Monday, January 08, 2007

A woman of convenience

I probably shouldn't be reading about comics. But I did. And they seem to insert diversity, at least in the form of gay characters, when it is convenient.

So they've made themselves a gay Batwoman. She's got a lead role and everything, that's nice. And she's got an old flame: Renee Montoya. She's the cop from Batman: the Animated Series and although she is background, she features strongly in a few episodes. She's a very strong character and works in a "man's" job. Of course she's gay. It's very convenient. I suppose it gives a certain uniformity to the outlook of police force?

Still, she is a pillar of morality doing what is right for society rather than what is right to make a quick buck against a background of extreme corruption.

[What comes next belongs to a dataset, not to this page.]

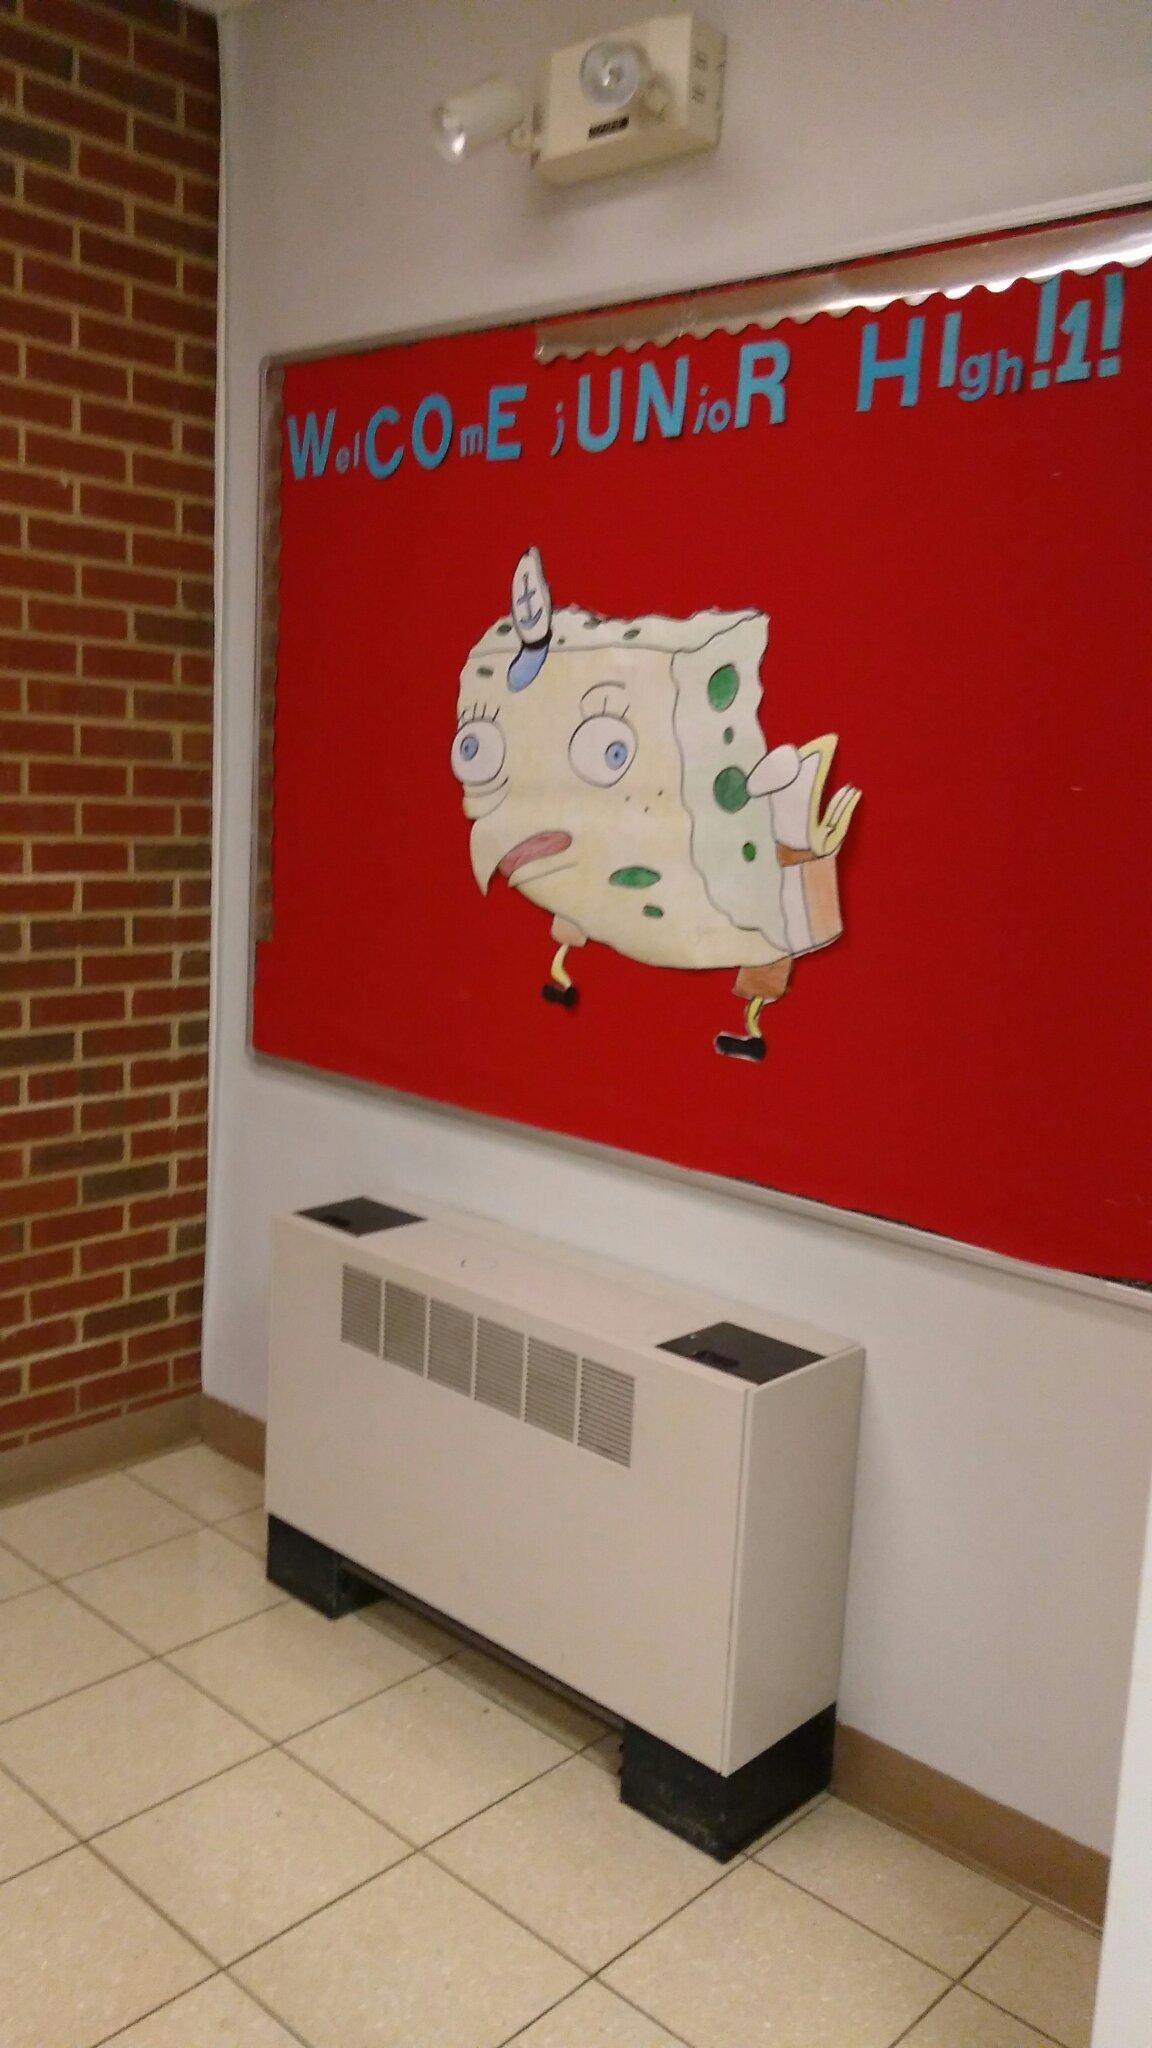 My school loves spongebob memes.

Do you have any idea what sort of strength of character that takes? If you are a straight woman (or a man) looking for a role model like Montoya and can't because she's been written as gay, you are a twit. Her sexuality doesn't matter, it's just very convenient.

(Apparently she's not such the pillar of morality later in life, but I've only read that on Wikipedia. The circumstances of that do seem to make it just more convenient for the writers, though.)

(Also, I suppose this argument could be taken further to point out that being on the moral high ground was the woman's job when this country was born and it wasn't a new idea then. Even now, corporate whistle blowers are very often women, as an example. Of course the character written to have no inclination to graft was a woman. Also very convenient.)

A second bit of convenience occurs in Heroes, the TV show. Here we have a character who has successfully battled off one aggressive challenger to her chastity and is finally starting to see the geeky boy helping her out as, well, male. And she even tries to ask him out to the dance at which point we discover, or at least are treated to stronger hinting than usual, that he is gay. And as a supporting character specifically supporting a character shedding the impurities in her character, that's very convenient. Save the cheerleader, save the world? Apparently, but first get her nice and high on a pillar of purity.

Unfortunately, there's no thin line to walk for this. No balancing act good enough, no stepping clever enough. No right answer. You can please some of the people or none of the people. Is a fictional universe really large enough to accurately or meaningfully reflect the diversity in society?

And Hollywood should get past heavy hinting.